Again Mother raised her hand. "Of course, Severus. We both are."

"Well, not really. I'm a half-blood."

"As are most witches and wizards, if they're not Muggle-borns. As were many of my friends, when I had friends, at school."

"You had half-blood friends?"

"And Muggle-born friends. Just like you. I remember that pretty little red-haired girl who used to come round--Lily Evans, that was her name. Her family were Muggles."

Severus gazed at his mother, trying to imagine her young once, a schoolgirl with friends. He tried to remember himself, younger still, bringing Lily to the house in Spinner's End. He'd only done that once or twice at the holidays, before he'd grown into a teenager and the rows with Tobias had got truly fierce.

"I've found an old school friend of mine lives right here in the close.

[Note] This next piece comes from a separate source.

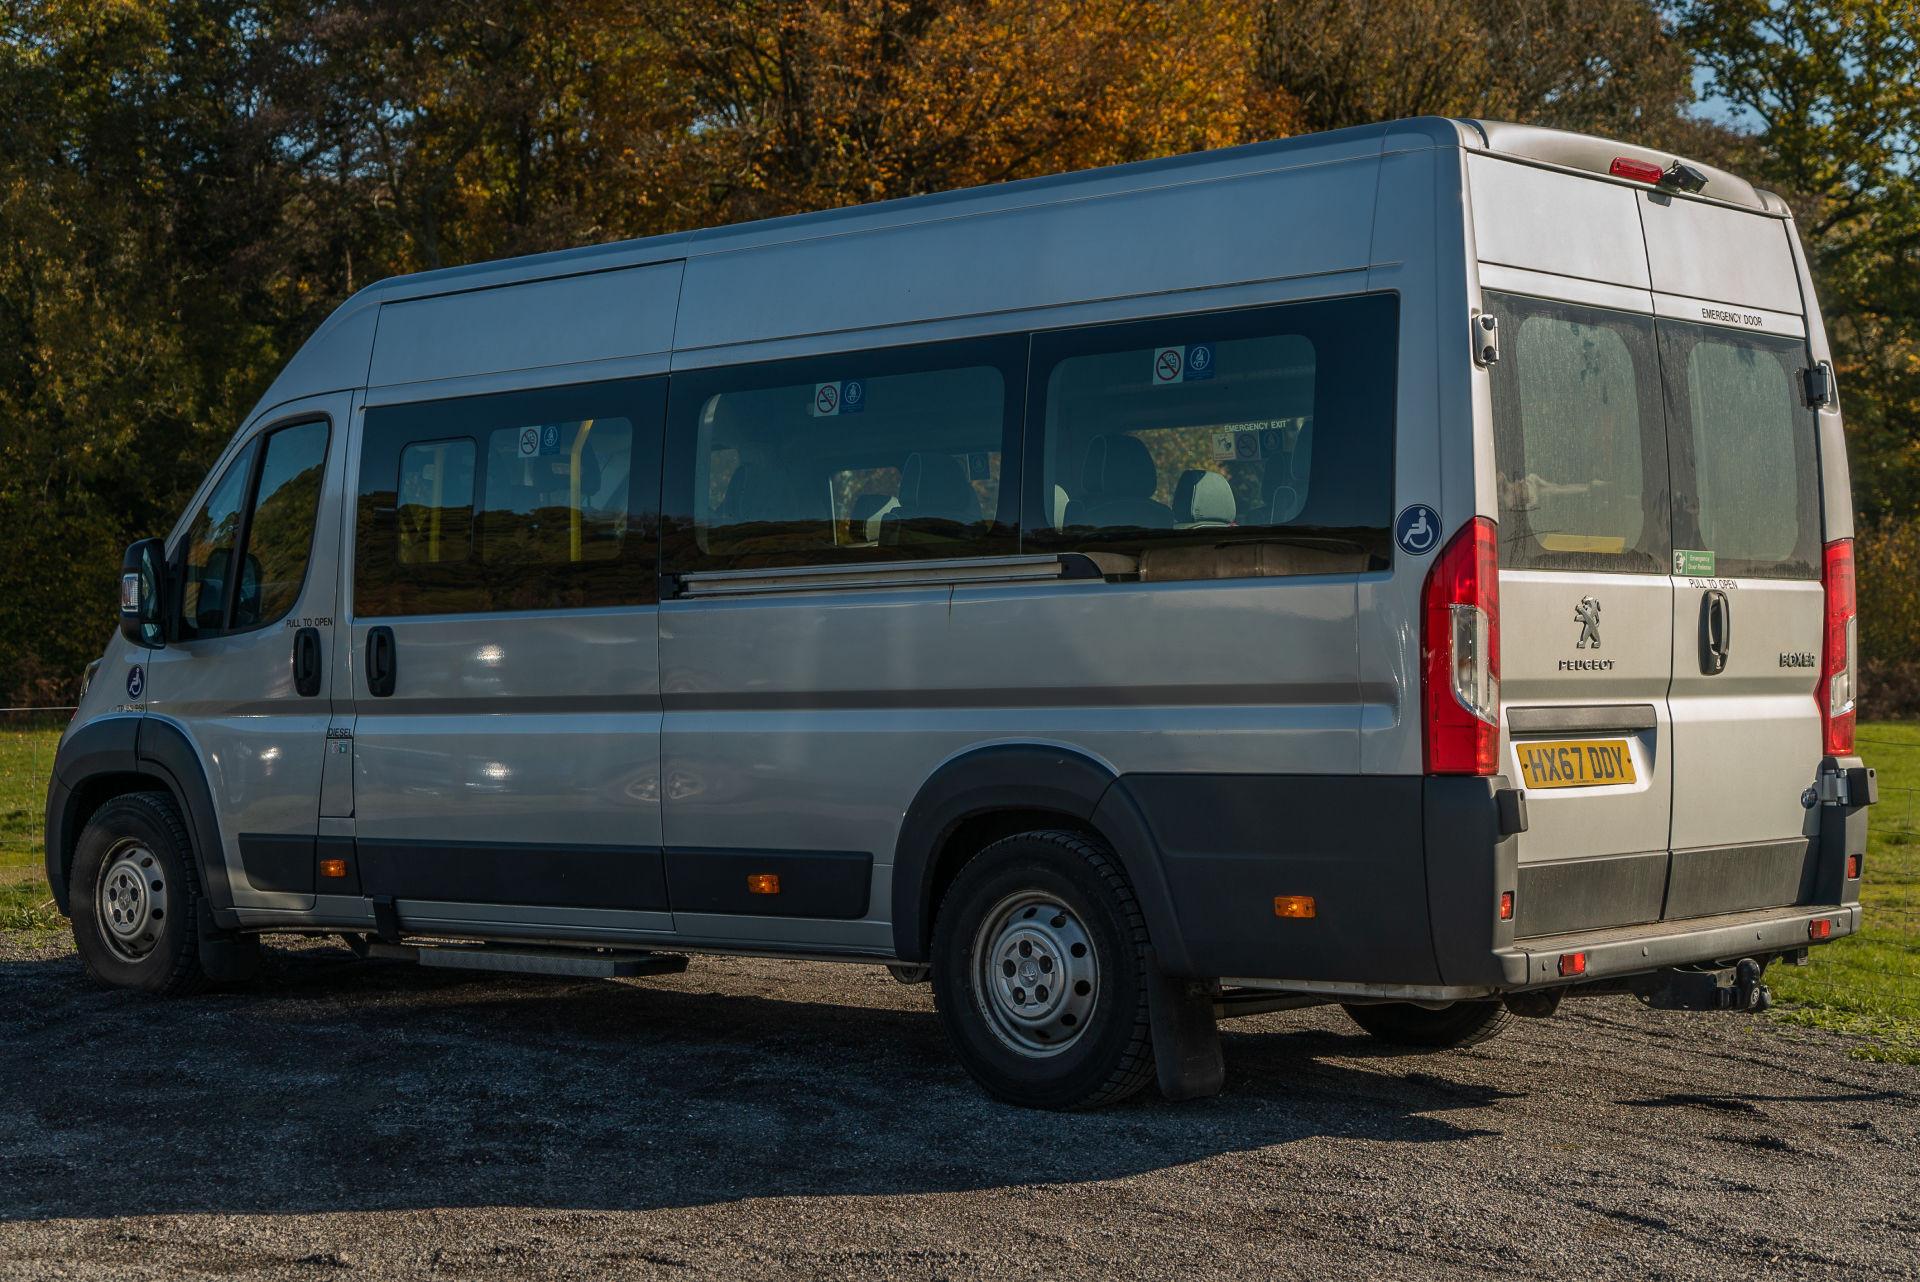 Peugeot Boxer 17 Seater Accessible Minibus for Sale - Image 3

Doris Hitchens. We've had lunch together, gone shopping a few times. Should I avoid her company just because she's a Muggle-born? I, who married a Muggle?"

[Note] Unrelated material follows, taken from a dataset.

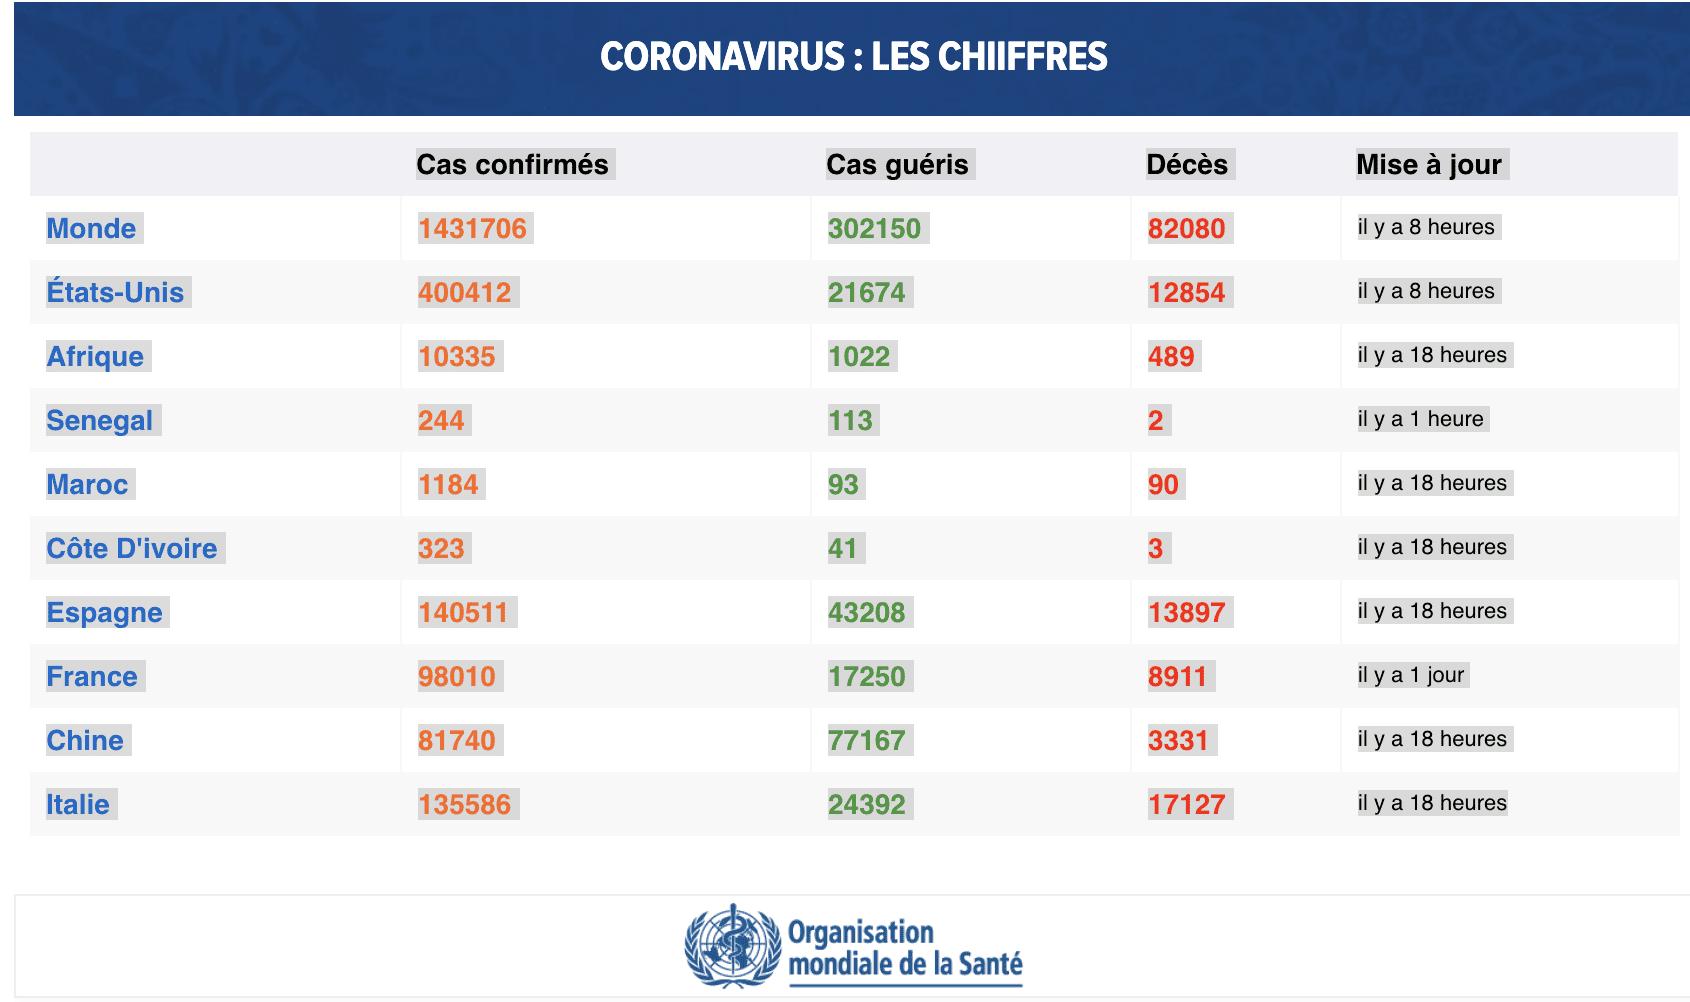 CORONAVIRUS : LES CHIIFFRES

"Have you heard from the Blacks or Malfoys at all since you moved in?" Severus asked.

"No."

So they had dropped her, as quickly as they'd befriended her.

"No, Severus," Mother repeated. "And I don't want you saying anything to Lucius and Narcissa about it." As if there were any chance he would! "I've been enough trouble to them. I won't trouble them any more."

Before, Mother would have spoken those words tremulously, hunching her shoulders as she did so. Now her voice was firm, her back straight, and it occurred to Severus that she wanted no more to do with the Malfoys than they wanted to do with her.

Why, when they'd been "so incredibly good?" Narcissa had comforted Mother, Lucius had protected her when Tobias's antics had led Mrs Watkins to evict Mother and Severus from Linden Lane, when a drunken row with Will Paxton had ended in Tobias's death.

"It's odd...I told Auror Scrimgeour Tobias would have quarrelled with anybody, because he would. But I never did know him to row with Will Paxton...."

Until Rabastan Lestrange, Bellatrix's brother-in-law, Lucius and Narcissa's friend, had egged Paxton on with an Imperius Curse. But no one would have told Mother that. No one would have wanted to disturb her hard-won peace.

"Old-fashioned, pure-blood society...it's limited, to be honest," Mother was saying. "You understand, working at St Mungo's as you do, rubbing shoulders with all kinds of people...and Doris, she's still in touch with some of my old Gobstones teammates, Ruth Leary, Josiah Crawley...."

Severus looked away. The Malfoys would have looked upon Tobias as a grievous offence. More so than Mother would have done, since they had never loved him. The traditional pure-blood families believed they had the right to dispose of Muggle offences as they saw fit. Mother was acquainted with that over-arching principle, however ignorant of certain details she might have been. So she didn't want to associate with the Malfoys any longer.

What better way to escape the Malfoys than to return to your old Muggle-born and half-blood school friends?

"Your old Gobstones teammates. How nice for you." Severus lied, for he couldn't think it nice, couldn't believe it good in any way that Mother should return to the same kind of associates who might have brought her to Tobias Snape. But she was his mother and she wanted, not Narcissa and Lucius Malfoy, but Doris Hitchens, Ruth Leary and Josiah Crawley as her friends. So Severus listened politely to Mother talk about the Muggle-borns and half-bloods with whom she had decided to renew her acquaintance.

They finished dinner. Mother tried to press coffee on Severus after the washing-up was done, but he demurred, saying he had to make an early night of it. That much was the truth. He had work the next day, and after work he'd go to the Malfoys', for they hadn't dropped him. On the contrary, Severus would be their honoured guest at Malfoy Manor for his first meeting with the Dark Lord and his Death Eaters.